In Llíria leben die deutschen Spielerinnen und ihre Vorrunden-Gegnerinnen alle im selben Hotel, die Kontrahentinnen begegnen sich zum Beispiel im Speisesaal. Viele Kontakte gibt es aber dennoch nicht. "Natürlich grüßt man sich, wenn man sich kennt. Aber auf Zimmern finden keine Begegnungen statt. Schließlich will man sich ja vor einer Corona-Infektion schützen und vermeidet deshalb möglichst Kontakte", betont Zschocke.

Unvermeidlich sind indes Mia Zschockes Kontakte mit den Physiotherapeuten des Nationalteams. Schließlich will sie möglichst schnell wieder fit werden. Ob es schon für Donnerstag reicht, ist indes noch offen. Weil sich Mia Zschocke und Spielmacherin Alina Grijseels in Großwallstadt verletzt hatten, hat der Bundestrainer mit Lena Degenhardt und Mareike Thomaier zwei Spielerinnen nachnominiert, die ebenfalls mit nach Spanien gereist und Teil des 18-köpfigen Aufgebots sind. Allerdings dürfen nur 16 Spielerinnen pro Partie gemeldet werden. "Es ist aber möglich, während des Turniers Spielerinnen zu tauschen", erklärt Zschocke.
Für die Lohrerin spricht, dass sie seit dieser Saison für ein nationales Topteam spielt. Von Bayer Leverkusen, wohin sie als B-Jugendliche ins Handball-Internat gezogen war, ist sie vor der Saison zum deutschen Meister Borussia Dortmund gewechselt. Das heißt: hohe Qualität der Mitspielerinnen im Training, durch Einsätze in der Champions League eine hohe Zahl an Pflichtspielen. "Natürlich", gibt Mia Zschocke zu bedenken, "das ist schon noch einmal ein ganzes Stück professioneller als in Leverkusen, wo einige Spielerinnen nebenher noch einen Beruf hatten. In Dortmund ist das anders, da liegt der Fokus voll auf Handball."

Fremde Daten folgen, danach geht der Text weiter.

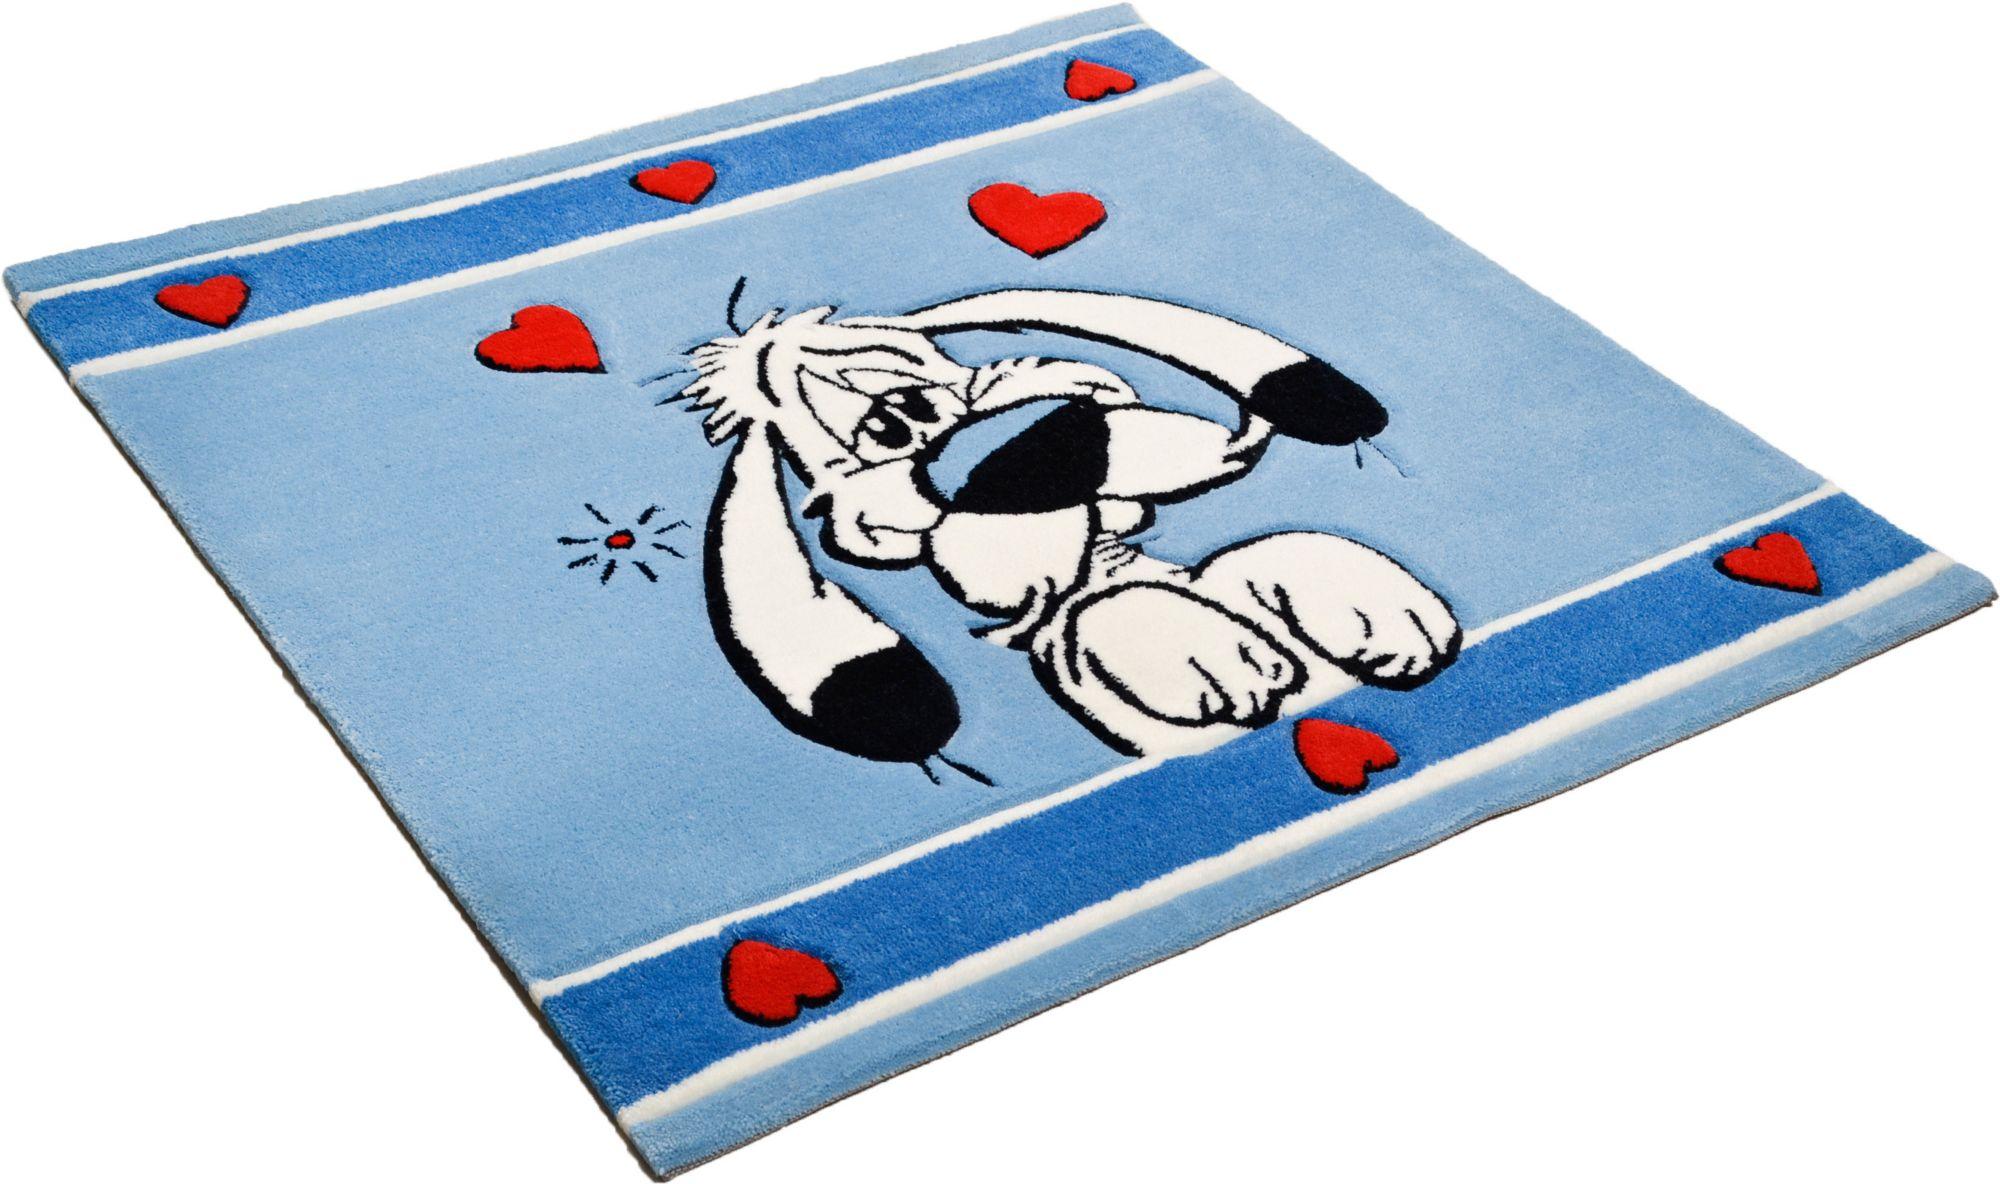 ASTERIX Kinder-Teppich, Asterix, »Der verliebte Idefix«, handgearbeitet

Und noch einen Vorteil hatte der Wechsel zum BVB: Dort spielt Mia Zschocke an der Seite von Regisseurin Alina Grijseels, die auch Spielmacherin der Nationalmannschaft ist. "Deshalb klappt das auch mit der Abstimmung untereinander gut, weil wir jeden Tag im Verein zusammen trainieren", sagt sie. Deshalb ist die Lohrerin zuversichtlich, dass beide nun auch bei der WM in Spanien gut miteinander harmonieren können.
Dankbar nach den Erlebnissen des Vorjahres
Die Vorfreude aufs Turnier bei ihr ist jedenfalls groß. "Besonders nach den Erlebnissen im letzten Jahr bin ich wirklich dankbar, dass ich jetzt dabei sein kann", erklärt die 23-Jährige. Deshalb und wegen der zahlreichen Pflichtspiele mit dem BVB galt in den vergangenen Wochen die volle Konzentration dem Sport, auch wenn Mia Zschockes letzter Instagram-Beitrag – ein Bild vom abendlichen Canal Grande – eher Urlaubsgefühle vermittelt. Doch das Bild aus Venedig stammt vom Urlaub aus dem vergangenen Sommer. Jetzt, im Spätherbst dieses Jahres, drehen sich im Urlaubslands Spanien Mia Zschockes Gedanken darum, schnell wieder fit zu werden und mit dem deutschen Team bei der WM möglichst weit zu kommen.